3. Support for the Enactment and Revision of a Compliance Manual
The manual includes the main regulatory matters of the Monopoly Regulation and Fair Trade Act, the company's fair trade compliance policy, matters to be observed by employees, and procedures for reporting and handling violations, and it is structured so that it can clearly guide employees on the specific standards of conduct and points of caution to be observed in practice.

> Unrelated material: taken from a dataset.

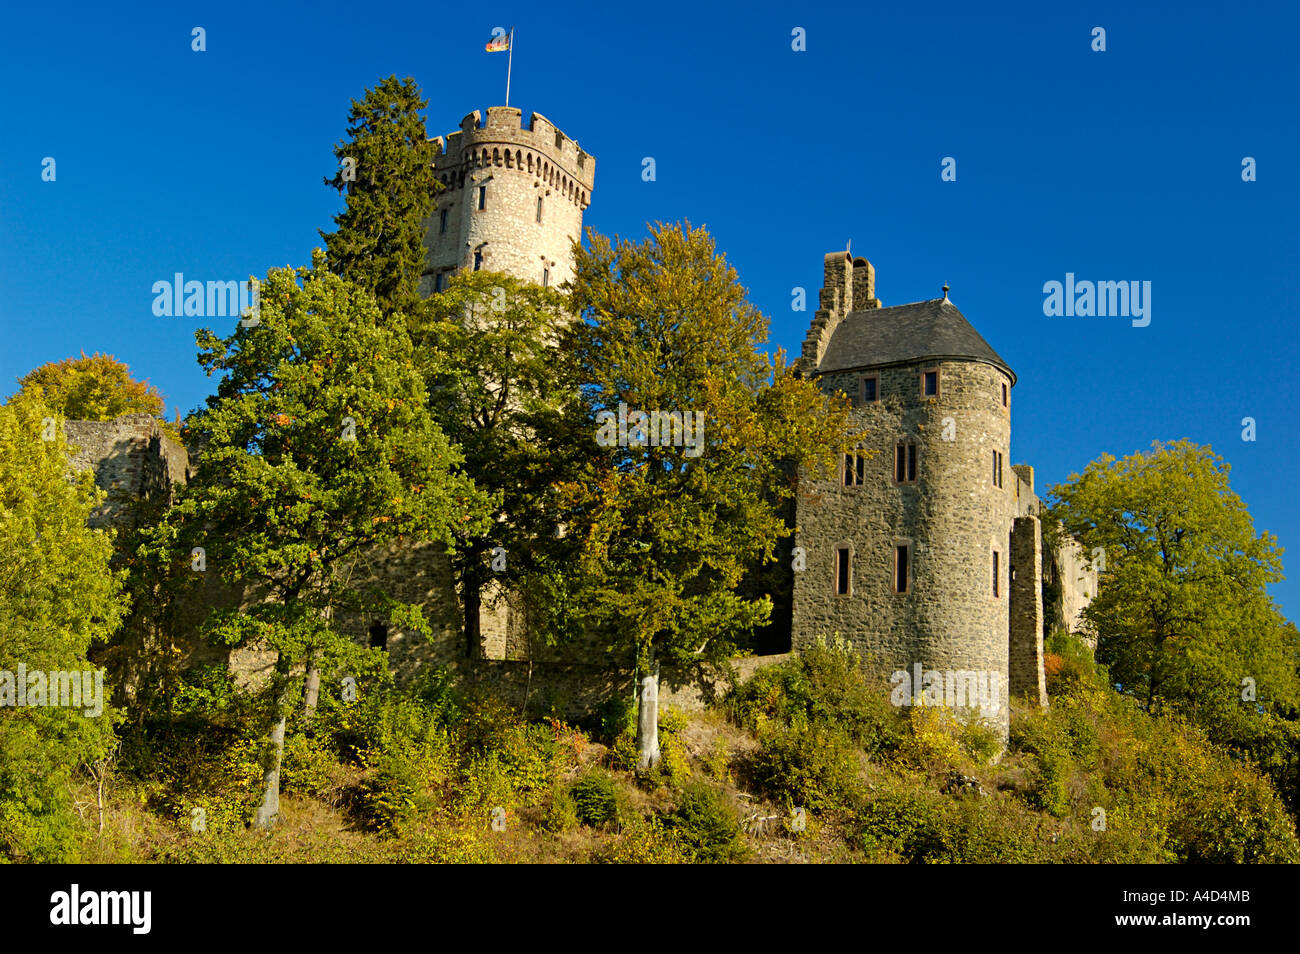 Lowenburg Castle near Gerolstein Germany Stock Photo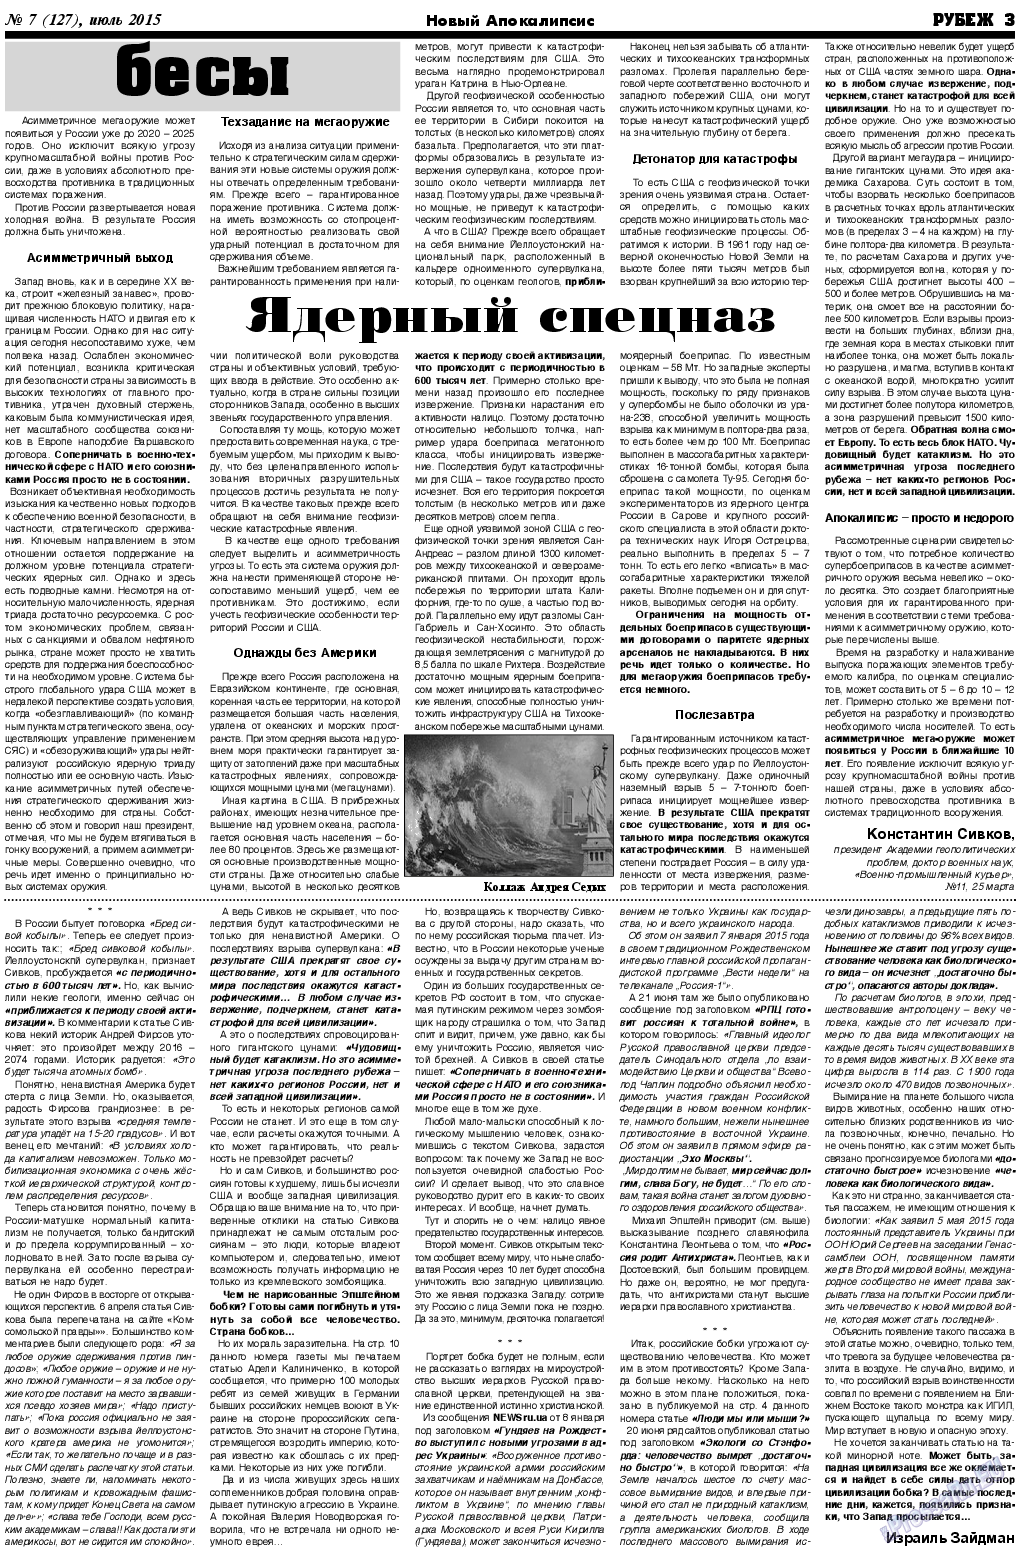 Рубеж, газета. 2015 №7 стр.3

4. Establishment of a Fair Trade Training System for Executives and Employees and Lectures
Through this, individual employees can recognize and prevent the possibility of violating the Monopoly Regulation and Fair Trade Act in advance, and the effect of blocking the risk of legal violations such as unfair collaborative acts, unfair trade practices, and abuse of a market-dominant position in the field beforehand can be expected.
5. Monitoring of Voluntary Compliance Program Implementation and Establishment of an Internal Oversight System
Through this, the occurrence of a violation can be confirmed in real time, and an internal control process can be prepared by which a suspected case can be reported and addressed promptly when it arises, allowing compliance risk to be managed efficiently.
6. Legal Response and Review of Voluntary Regulation in the Event of a Fair Trade Violation
Together with this, we review voluntary regulatory measures (for example, voluntary corrective measures, internal discipline, and consultation with the Korea Fair Trade Commission) and present ways to minimize the level of legal sanctions.
7. Improvement of the Fair Trade Case Handling Process and Advisory on the Operation of a Counseling Center
Through this, we support the completion of an integrated response system that can reduce confusion when a case arises and minimize legal and administrative disadvantages.